# EXTRACTED ENTRIES:
--------
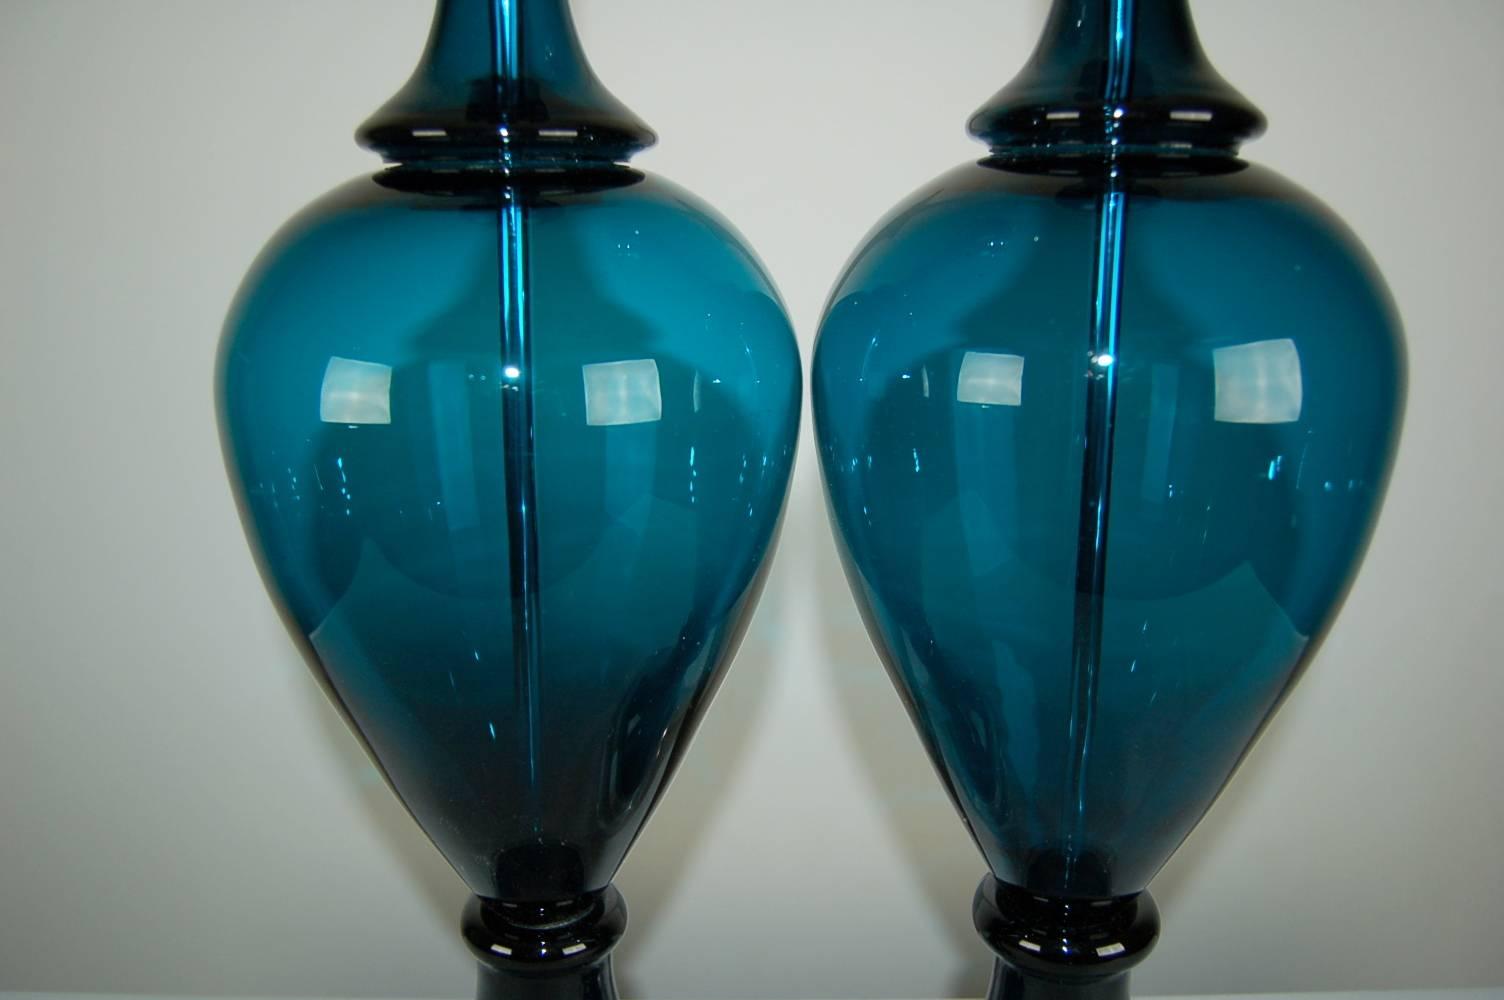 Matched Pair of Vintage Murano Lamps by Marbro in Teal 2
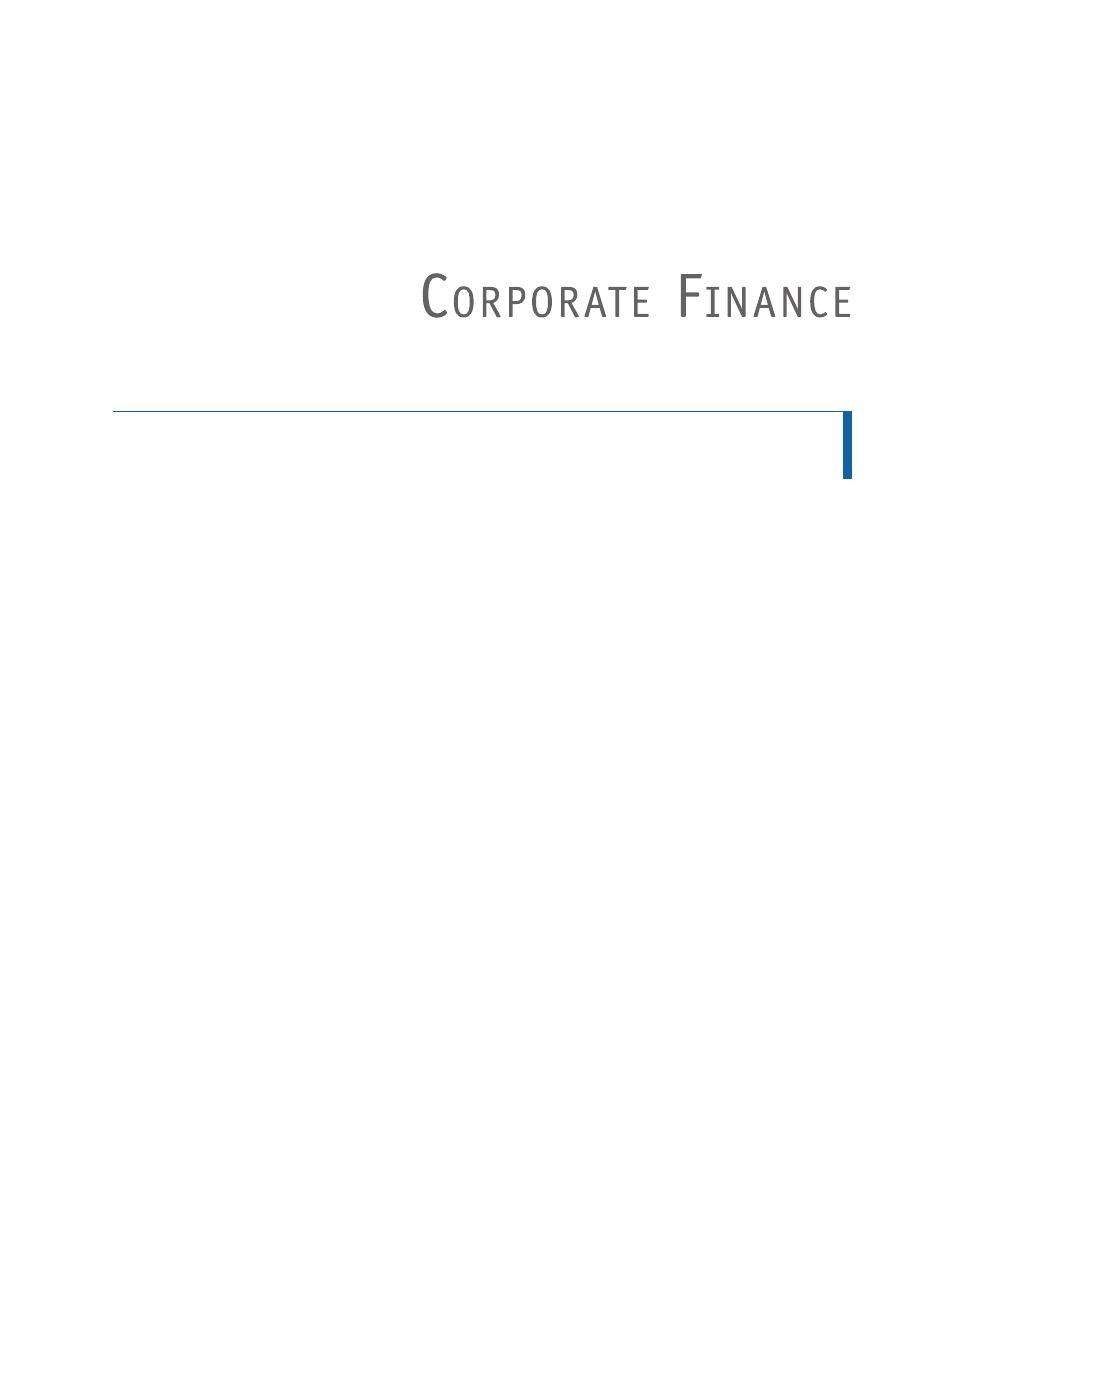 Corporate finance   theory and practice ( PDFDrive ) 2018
--------
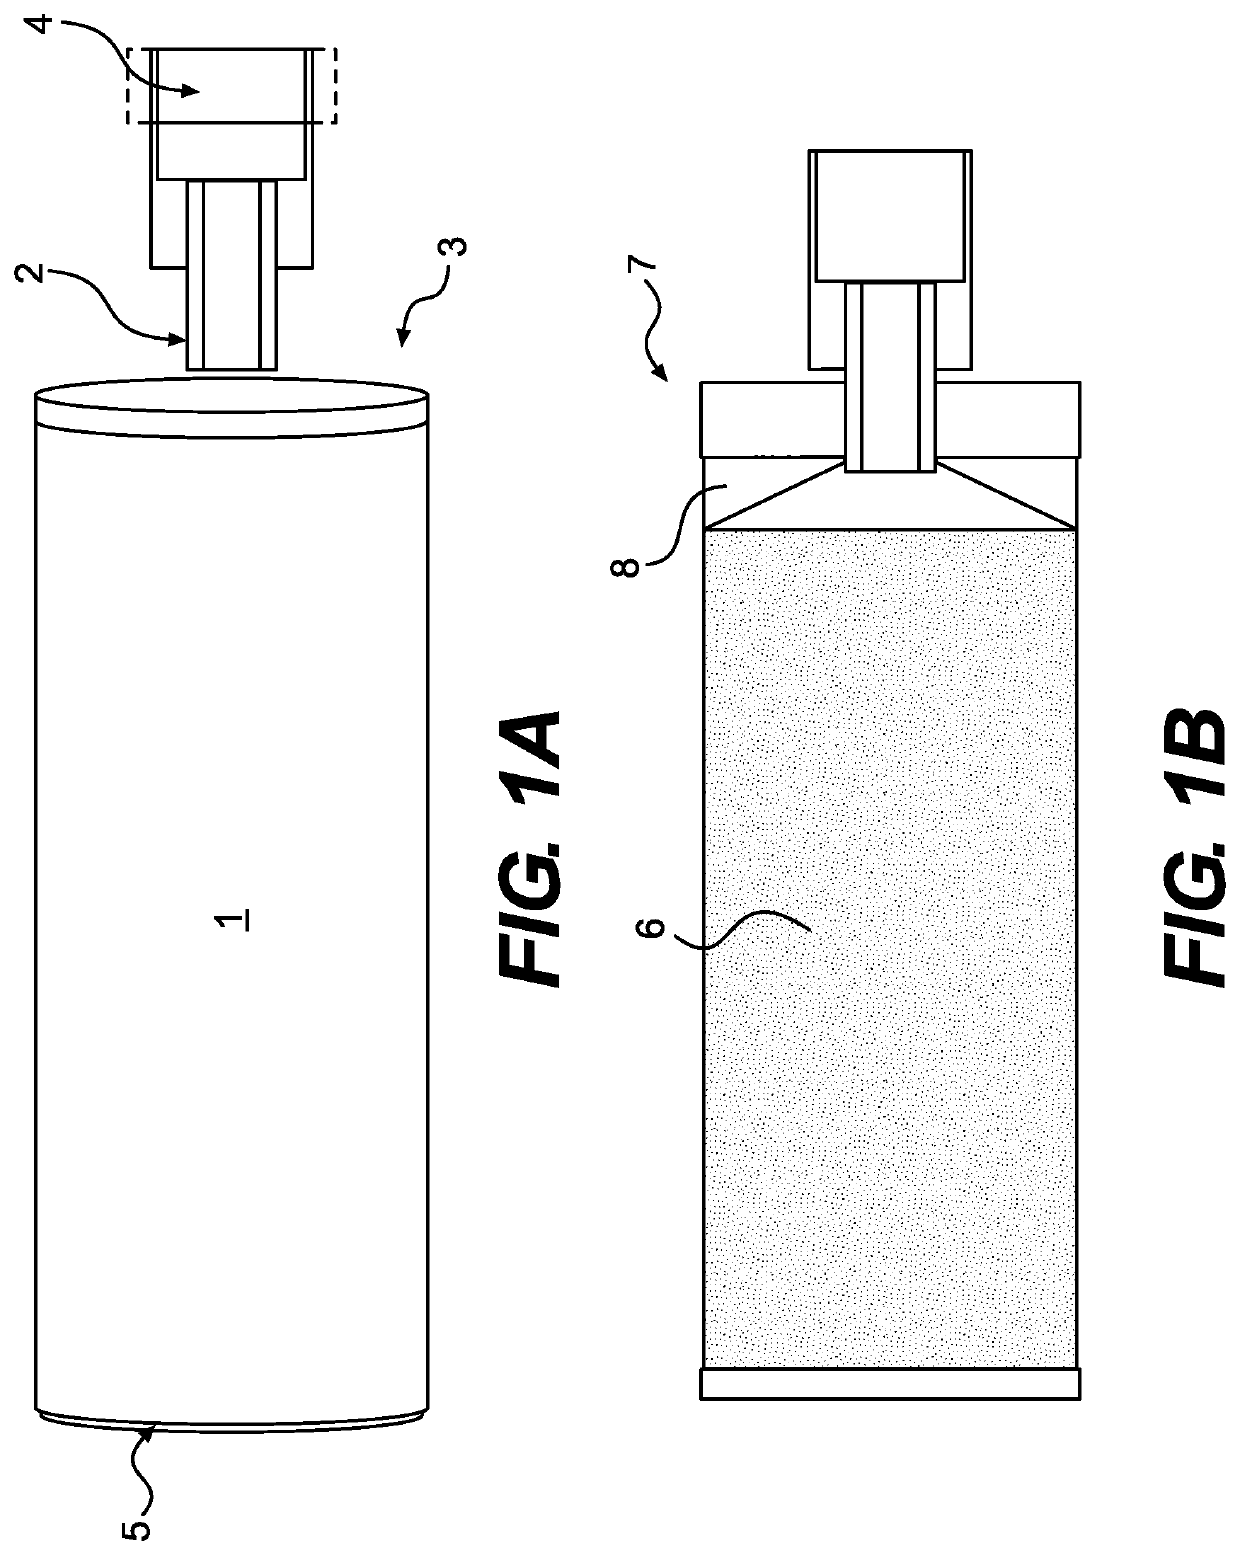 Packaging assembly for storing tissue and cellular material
--------
# WHAT YOU SHOULD DO:
A verbatim reproduction is expected: starting at the line above that has "Matched Pair of", ending at the line that has "PDFDrive ) 2018", both included, and with no pictures and no other lines.

# EXERCISE ANSWER:
 Matched Pair of Vintage Murano Lamps by Marbro in Teal 2
 Corporate finance   theory and practice ( PDFDrive ) 2018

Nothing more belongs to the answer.